For the Applicants:         W Strobl instructed by LDA Incorporated Attorneys.

 

For the Respondent:      G Kairinos SC instructed by TWB – Tugendhaft Wapnick Banchetti & Partners.


[1] At the time of the 2013 and 2015 loans, the applicable Codes then in force would have been the Codes of Good Practice on Broad-Based Black Economic Empowerment, 2007 (as amended). These Codes were substituted, with effect from 1 May 2015, by the Codes of Good Practice on Broad-Based Black Economic Empowerment, 2013. These various Codes were promulgated in terms of section 9(1) of the BEE Act.

[2] 53 of 2004.

[3] Paras 43-4 of the founding affidavit, admitted in para 80 of the answering affidavit. The record does not include any correspondence which came into existence during these negotiations.

[4] There are emails in the record sent by Mr Jones to Ms Delport on 19 February 2018 and 9 April 2018.

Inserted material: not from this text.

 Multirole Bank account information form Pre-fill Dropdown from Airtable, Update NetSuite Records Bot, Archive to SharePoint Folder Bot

[5] This may be a reference to Mr Rudi Stumpf. In his answering affidavit, Mr Ditabo states that Netpractice's relationship with Eazi Access began in late 2012/early 2013 when he was approached by Mr Stumpf “who was associated with the second applicant”. Mr Stumpf introduced Mr Ditabo to Mr Wulfsohn.

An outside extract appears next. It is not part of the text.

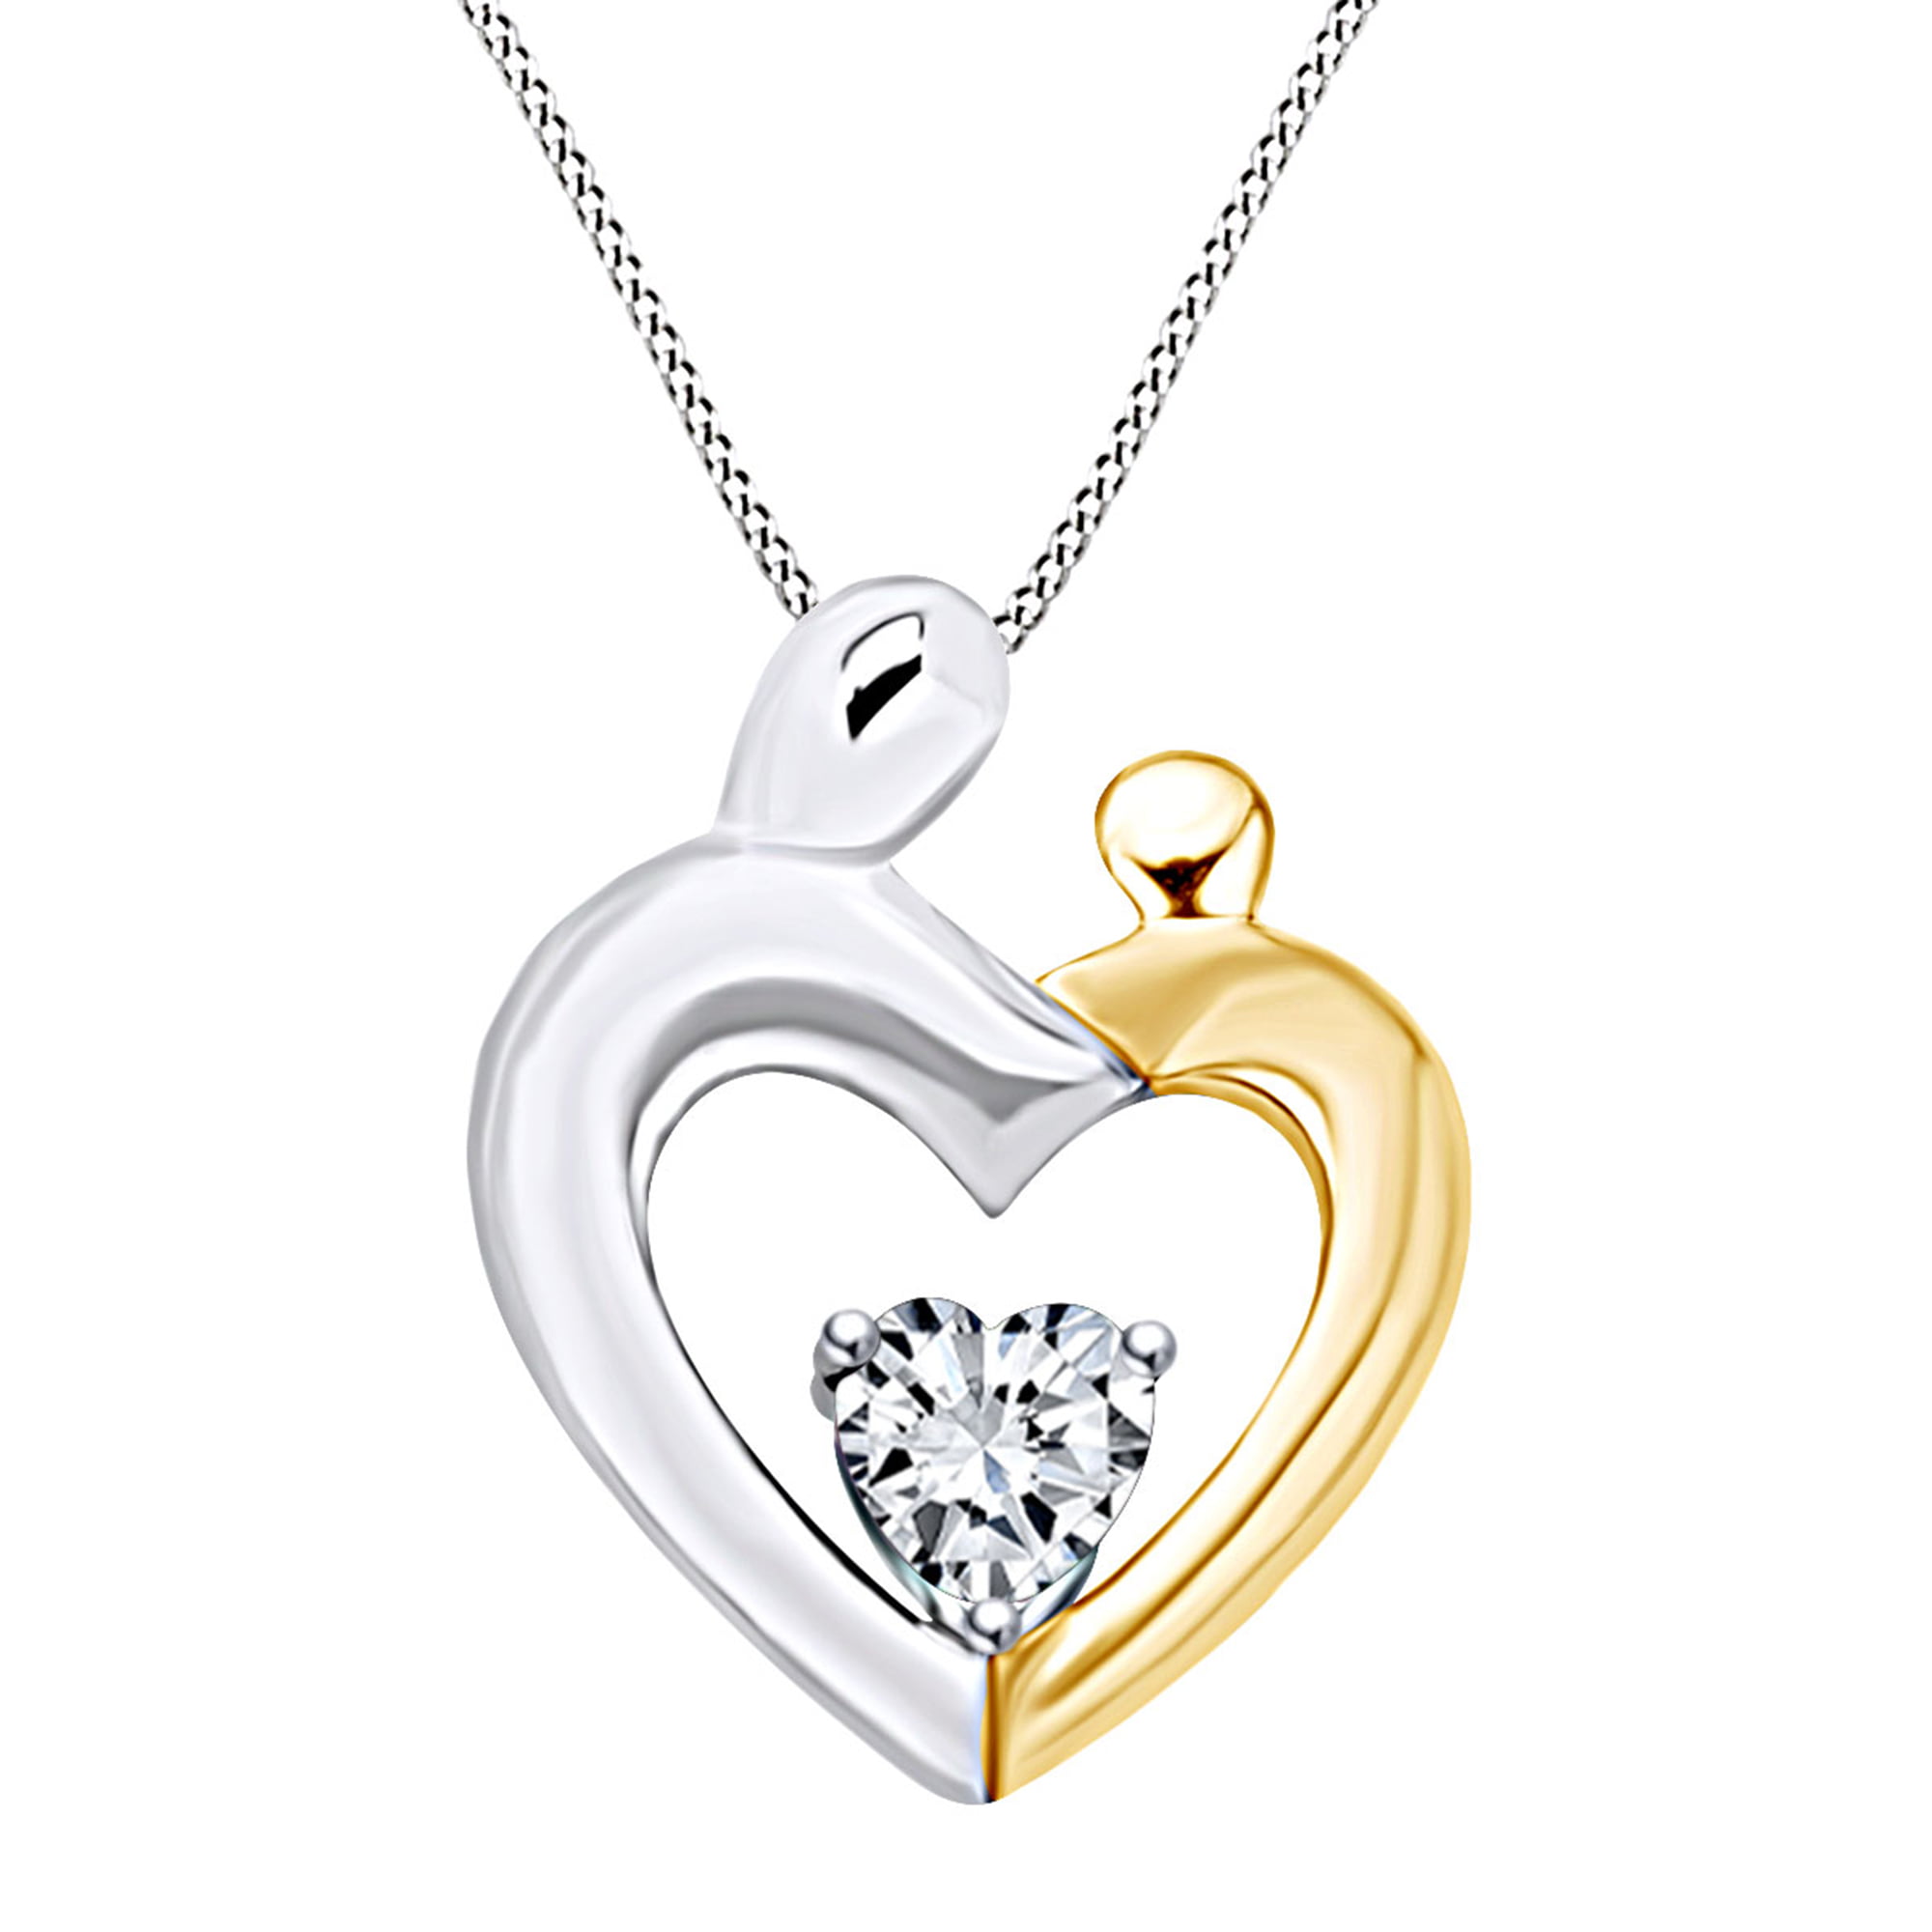 Jewel Zone US Mother's Day Jewelry Gift Heart Cut White Cubic

[6] These principles are by now trite. For recent expositions, see University of Johannesburg v Auckland Park Theological Seminary [2021] ZACC 13; 2021 (6) SA 1 (CC); 2021 (8) BCLR 807 (CC) at paras 65-9 and Capitec Bank Holdings Limited v Coral Lagoon Investments 194 (Pty) Ltd [2021] ZASCA 99; 2022 (1) SA 100 (SCA); [2021] 3 All SA 647 (SCA) at paras 39-51.

[7] MTK Saagmeule (Pty) Ltd v Killyman Estates (Pty) Ltd 1980 (3) SA (A) at 12F-H; Grobler v Oosthuizen 2009 (5) SA 500 (SCA) at para 14; and Comwezi Security Services (Pty) Ltd v Cape Empowerment Trust Ltd [2012] ZASCA 126 at para 15.

 

[8] The measurement of enterprise and supplier development is dealt with in Amended Code Series 400 of the 2013 Codes. Item 9.1 of Series 400 lists the non-exhaustive forms which enterprise and supplier development may take.

[9] Counsel referred to the current version of the Amended Code Series 400. This includes a substantial amendment promulgated on 31 May 2019, which took effect on 30 November 2019, i.e. after the conclusion of the ED agreement. Nevertheless, in the respects mentioned by counsel, the form of Amended Code Series 400 in September 2017, when the ED agreement was concluded, seems to have been materially the same as the current version.

[10] See Annexe 400B to Amended Code Series 400.

[11] Whether that is correct, in the light of item 4.11 of Amended Code Series 400, is not something on which I feel able to venture an opinion. Item 4.11 provides that where [c]ontributions, programmes and/or initiatives that span over multiple years, the total contribution amount must be divided by the number of years, and the average per year is then to be utilised for the annual contribution”. Assuming that this applies to interest-free loans, it is unclear how one would deal with the case of an interest-free loan which is initially advanced for only one year, with extensions being negotiated annually.

[12] At all material times (i.e. until the amendment of Amended Code Series 400 came into force on 30 November 2019), enterprise and supplier development carried a maximum score of 40 points out of 109 points; and of those 40 points, a maximum of 5 points could be scored for enterprise development in the form of financial contributions, the remaining 35 points being available for enterprise and supplier development in the form of preferential procurement and supplier development. In Eazi Access’s BEE certificate issued on 20 April 2020 (record 132), it scored a total of 89.25 points out of a potential 109 points, of which 36.97 out of 40 were scored for enterprise and supplier development. At most, 5 of those 36.97 points were attributable to financial support, and of course Eazi Access might have financially supported a number of qualifying beneficiaries, not only Netpractice. It is unknown how many, if any, of the 5 points were attributable to Eazi Access’ loan to Netpractice.

[13] Founding affidavit at paras 43-4, admitted in answering affidavit at para 80.

[14] Para 5 of the answering affidavit.

[15] Answering affidavit at paras 39-40.

[16] Answering affidavit at para 47.